No witness at the trial testified that anyone said in the victim's presence at the hospital "this is the man who robbed you," or made any similar statement. Pages 4-5 of relator's petition in the District Court contain this language:

"Officer Leon Pitts * * * [went] to prepare the victim at the hospital for the viewing, well aware relators soon arrival — upon entering the hospital bedside, officer `Pitts' was already there (Page N.T. 122) showing victim pictures of relator to the victim.

"Officer Pitt — stated `this is the man who robbed you.'

"Relator was told to repeat `give me the bag'. These are the words used by the robber (N.T. 7).

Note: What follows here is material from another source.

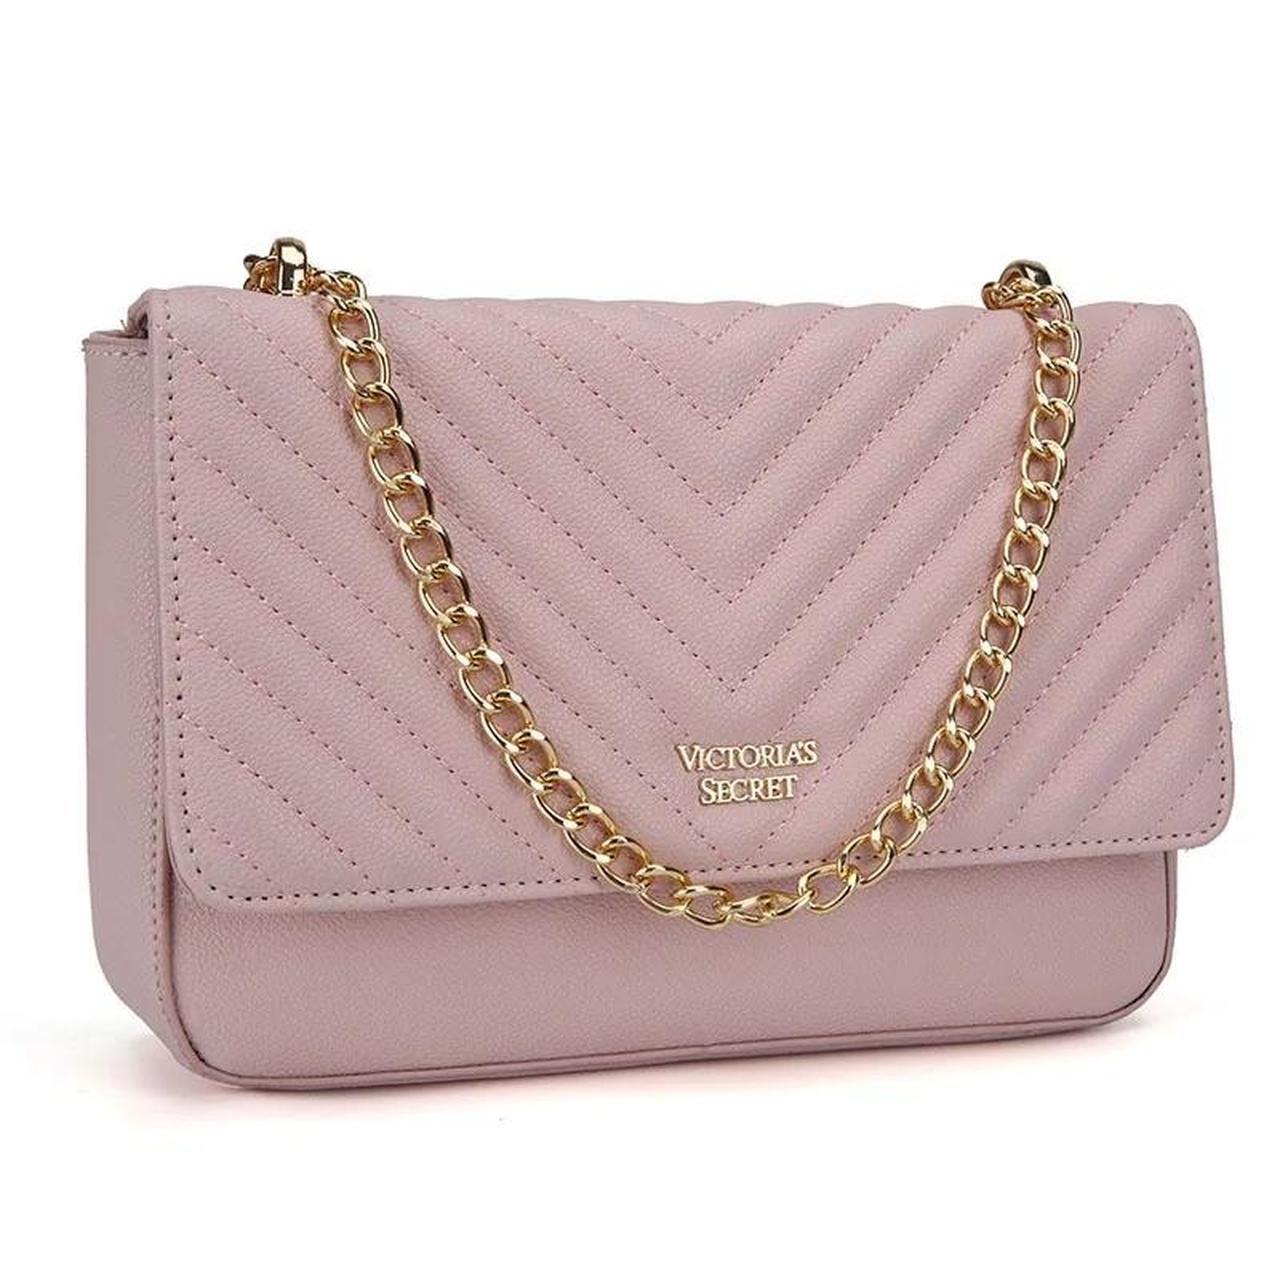 Victoria's Secret Women's Crossbody Bags - Pink

"* * * The critical stage in pretrial proceedings were the hospital identification at a time when relator was purposely forced against his will to go to the hospital to be identified and without his lawyer to question or to impeach the accuser's identification via the power of suggestion by a police officer who stated `this is the man who robbed you.'"

 5

There is ample evidence to support a finding that the trial identification of the relator by the victim had its source in the robbery itself. Three witnesses other than the victim identified relator at the trial, and they testified that they had previously identified him at a lineup

 6

Although this section makes a written determination by the State Court of a factual issue after hearing presumptively correct, this presumption only applies "unless the applicant shall establish or it shall otherwise appear, * * *

"(1) that the merits of the factual dispute were not resolved in the State court hearing;

"(2) that the factfinding procedure employed by the State court was not adequate to afford a full and fair hearing;

"(3) that the material facts were not adequately developed at the State court hearing; * * *."

 7

Although the hearing to be held in the District Court may establish the waiver claimed by appellee which relies on Henry v. Mississippi, 379 U.S. 443, 85 S. Ct. 564, 13 L. Ed. 2d 408 (1967), this record is not sufficient to determine whether relator "`after consultation with competent counsel or otherwise, understandingly and knowingly forewent the privilege of seeking to vindicate his federal claims in the state courts, whether for strategic, tactical, or any other reasons that can fairly be described as the deliberate by-passing of state procedures * * *.' Fay v. Noia, 372 U.S. 391, 439, 83 S. Ct. 822, 9 L. Ed. 2d 837." (379 U.S. at 450, 85 S. Ct. at 569). The alleged statement by relator's counsel "to the effect that it wouldn't pay to bring it out because it would just confuse things * * *." does not establish the understanding and knowing waiver by relator contemplated by the above-quoted language

 8

As pointed out in footnote 2, the victim may have been incoherent, delirious, and not in possession of all his faculties during the hospital confrontation

 9

Although appellee's brief apparently emphasizes that the confrontation in the hospital was prior to the indictment in this case, whereas it was after the indictment in Wade, we agree with the following statement of the Court of Appeals for the Fifth Circuit in Rivers v. United States, 400 F.2d 935 (opinion of 9/16/68):

"With Miranda on the books, it is indisputable that most, perhaps all, confrontations occurring after arrest will fall within the rules announced in Wade and Gilbert. We recognize the risk of ever letting a dissenter speak momentarily for the Court as to what it has really held, but Mr. Justice White, dissenting in Wade said `the rule applies to any lineup, to any other techniques employed to produce an identification and a fortiori to a face-to-face encounter between the witness and the suspect alone, regardless of when the identification occurs, in time or place, and whether before or after indictment or information."

Therefore, we cannot hold on this record that the time of this hospital confrontation makes the principle stated in Stovall, as quoted above, inapplicable.